= WORK ORDER =
From the listing that follows, output everything exactly except the pictures.

= RECORDED DATA =
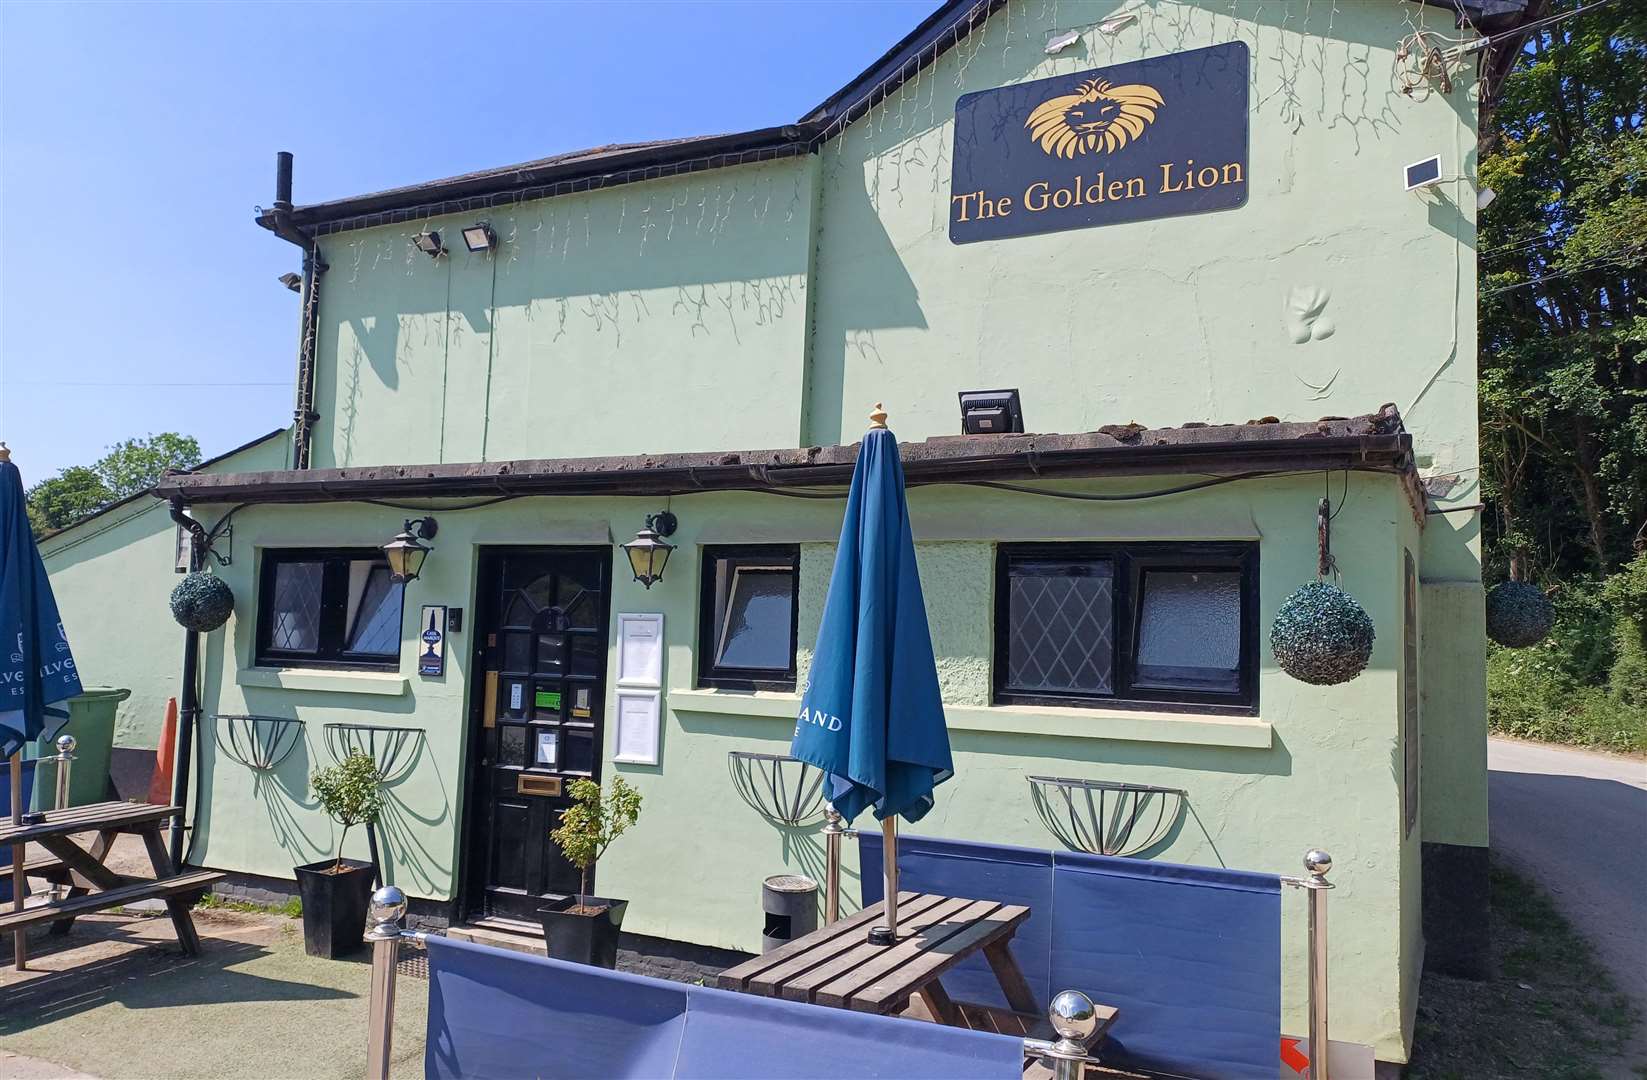 The vineyard has taken on the lease of the Golden Lion in Luddesdown
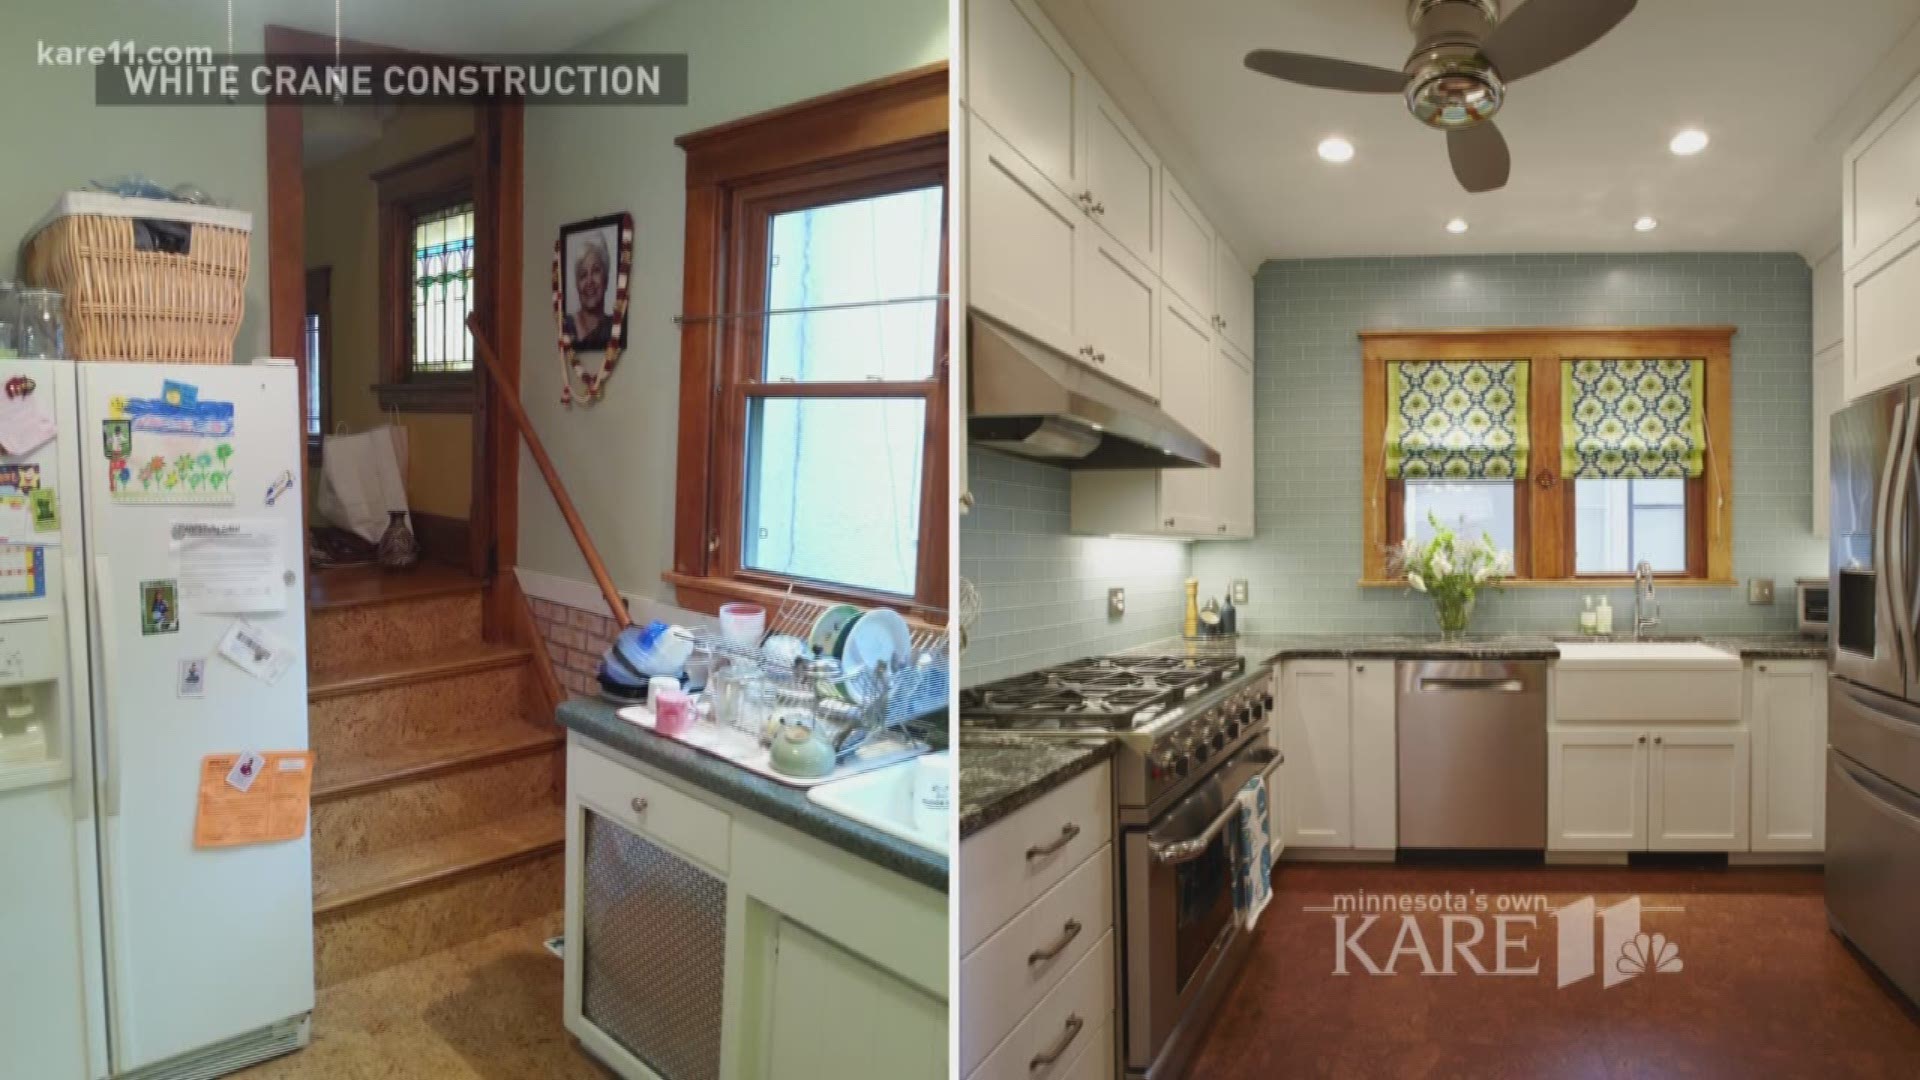 Katie Jaydan, Senior designer with White Crane Construction, talked about some remodeling projects for overcoming common older home hurdles.
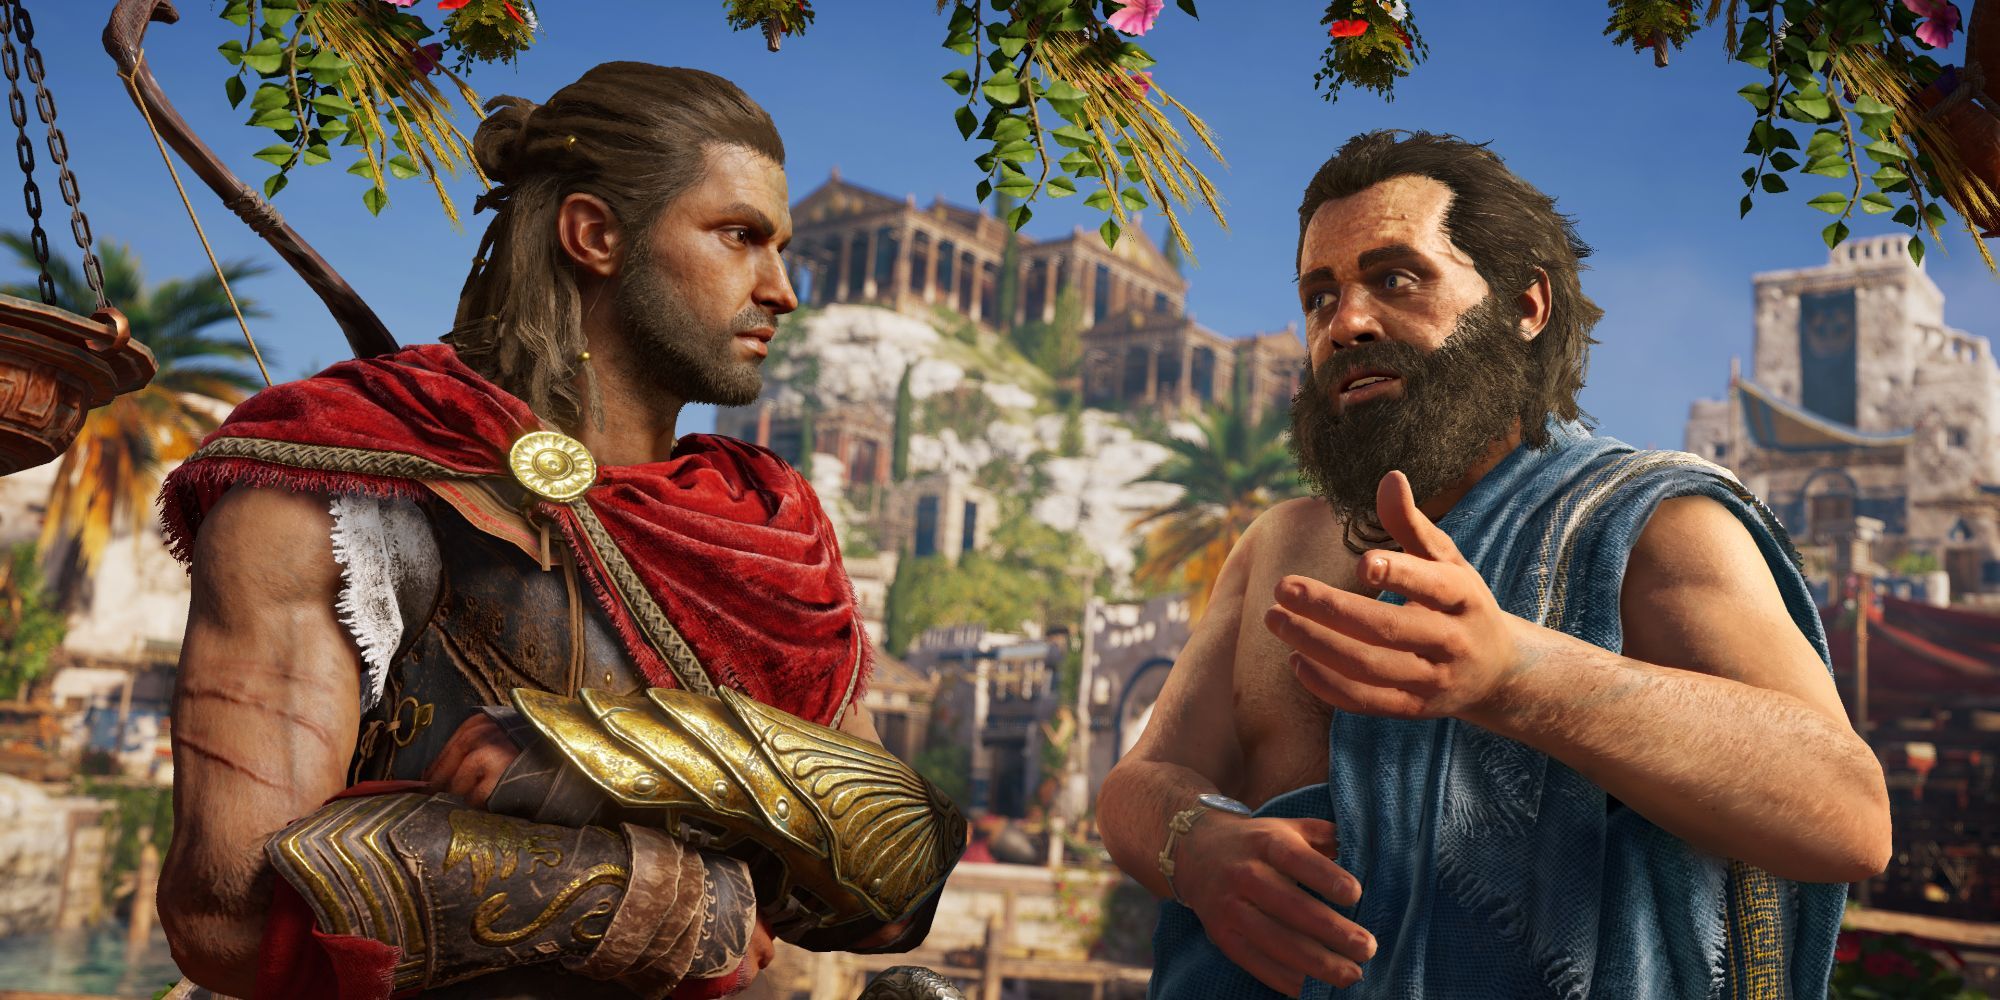 image of Socrates and Alexios talking in the video game Assassins Creed Odyssey

= ANSWER BOX =
 The vineyard has taken on the lease of the Golden Lion in Luddesdown
 Katie Jaydan, Senior designer with White Crane Construction, talked about some remodeling projects for overcoming common older home hurdles.
 image of Socrates and Alexios talking in the video game Assassins Creed Odyssey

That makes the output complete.